B. As a Convicted Prisoner, Tilmon's Due Process Claim Fails

With regard to the due process claim at bar, Tilmon argues, in essence, that his constitutional rights were violated because he was disciplined without first having been afforded a hearing. To prevail, Plaintiff must establish that he had a liberty interest in being free from being placed in a punitive cell, or from being otherwise disciplined. See Sandin, 515 U.S. at 487 (holding that a convicted inmate who had been placed in disciplinary segregation in a prison's SHU for 30 days had no cognizable procedural due process claim, because he had no liberty interest in being free from such confinement).

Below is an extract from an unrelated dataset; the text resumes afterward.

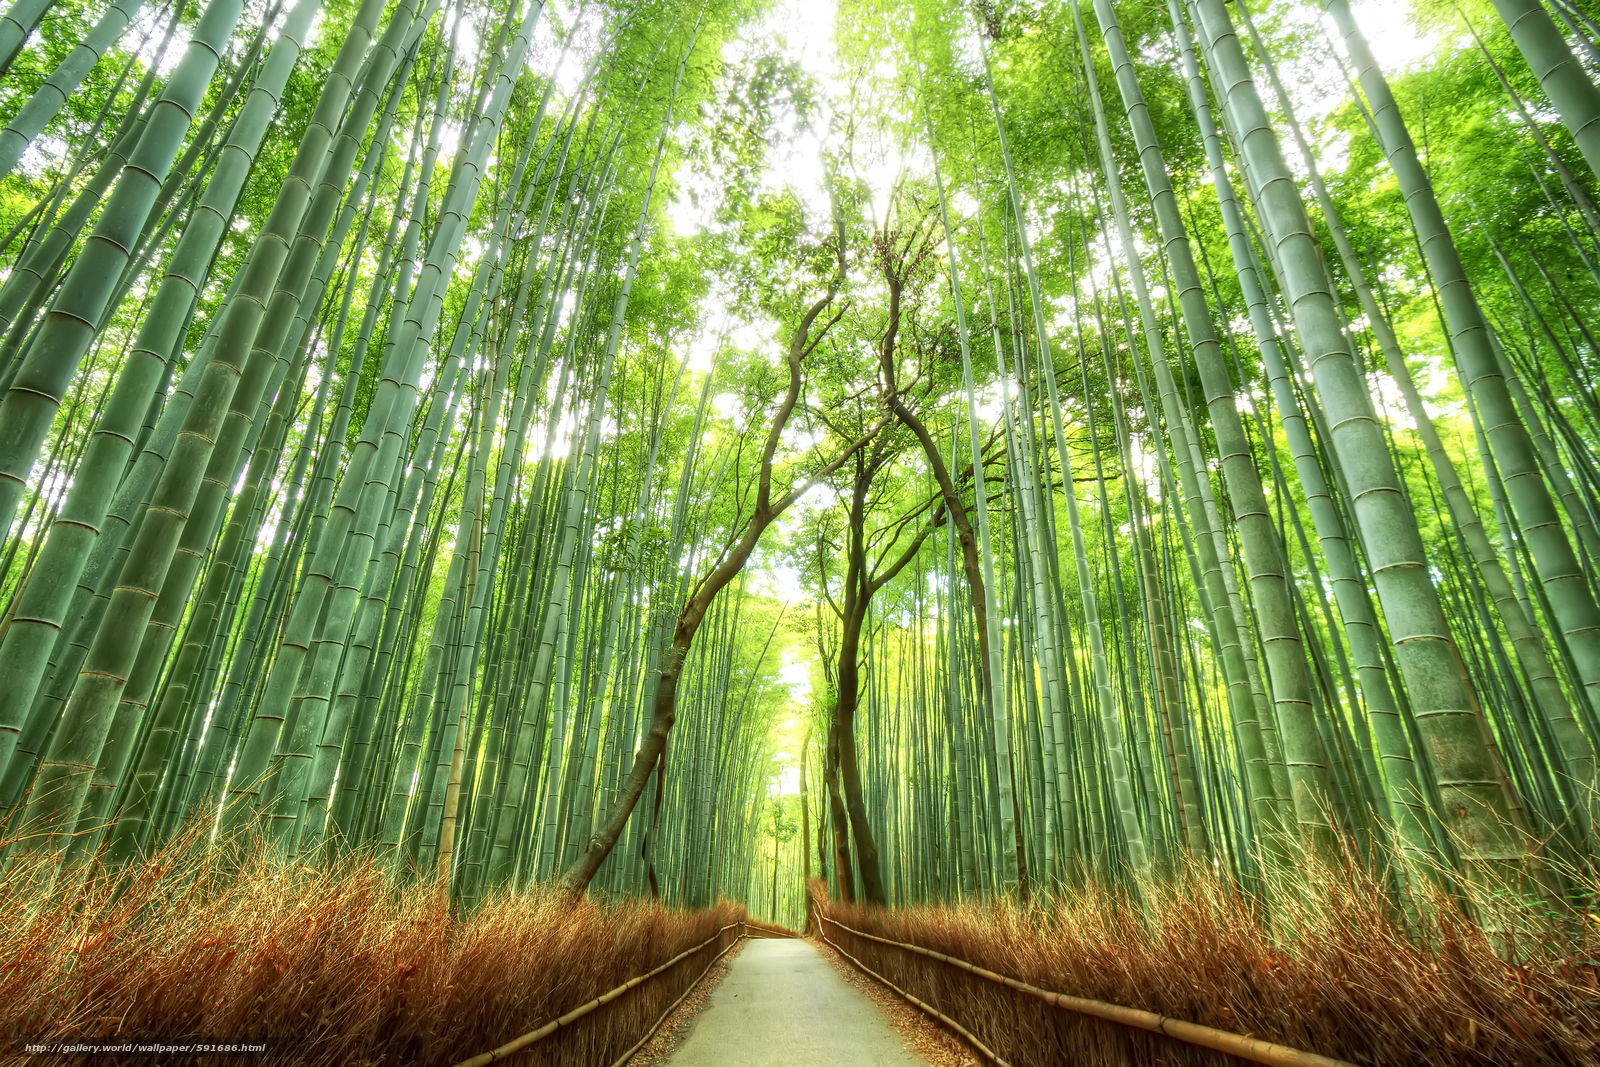 TLOU2 Beautiful Forest HD Desktop Wallpaper Using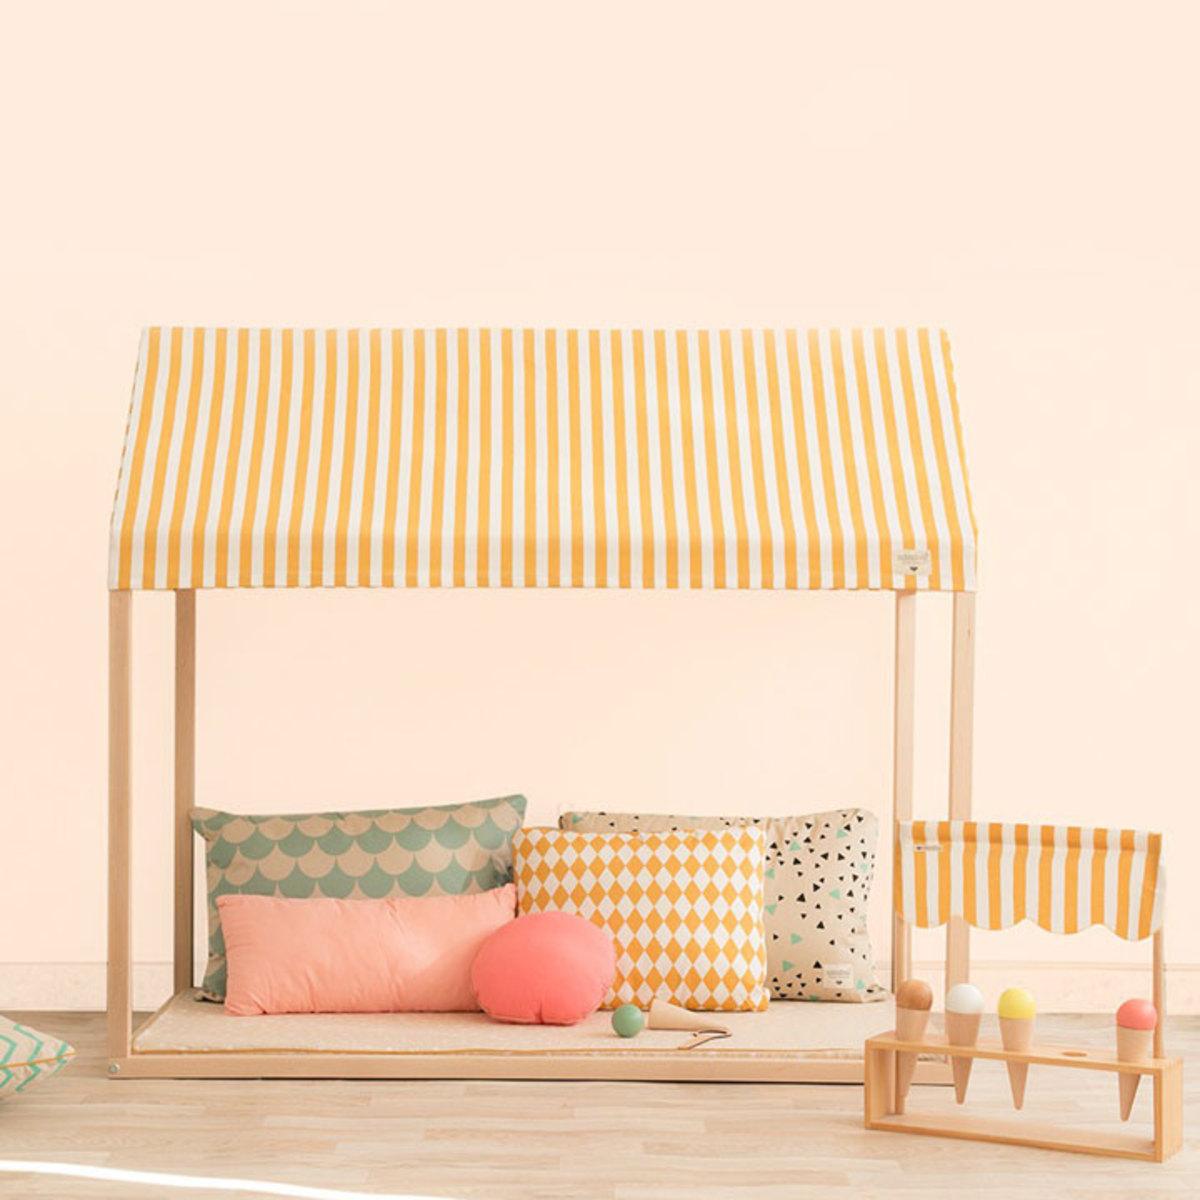 nobodinoz lit maison ibiza losanges miel lit b b. Black Bedroom Furniture Sets. Home Design Ideas

Relying on Sandin, this Court finds that Tilmon, by virtue of being a convicted prisoner, has [**10] no liberty interest in not being disciplined. Accordingly, Tilmon was not entitled to any hearing before being placed in such confinement. Therefore, any delay in providing Tilmon a hearing and any defects in that hearing did not deprive him of his due process rights. We need not reach issues of the condition of Tilmon's discipline, because he makes no allegations of that kind.


After reviewing the entire record, the Court finds that though Tilmon's § 1983 [*902] claim is timely, his claim that he was punished without due process of law is without merit. Therefore:

IT IS ORDERED that Plaintiff's civil rights action be DISMISSED WITH PREJUDICE for failing to state a claim upon which relief may be granted under 28 U.S.C. § 1915(e)(2)(B)(i)and (ii).

Shreveport, Louisiana, this 29th day of October, 2003.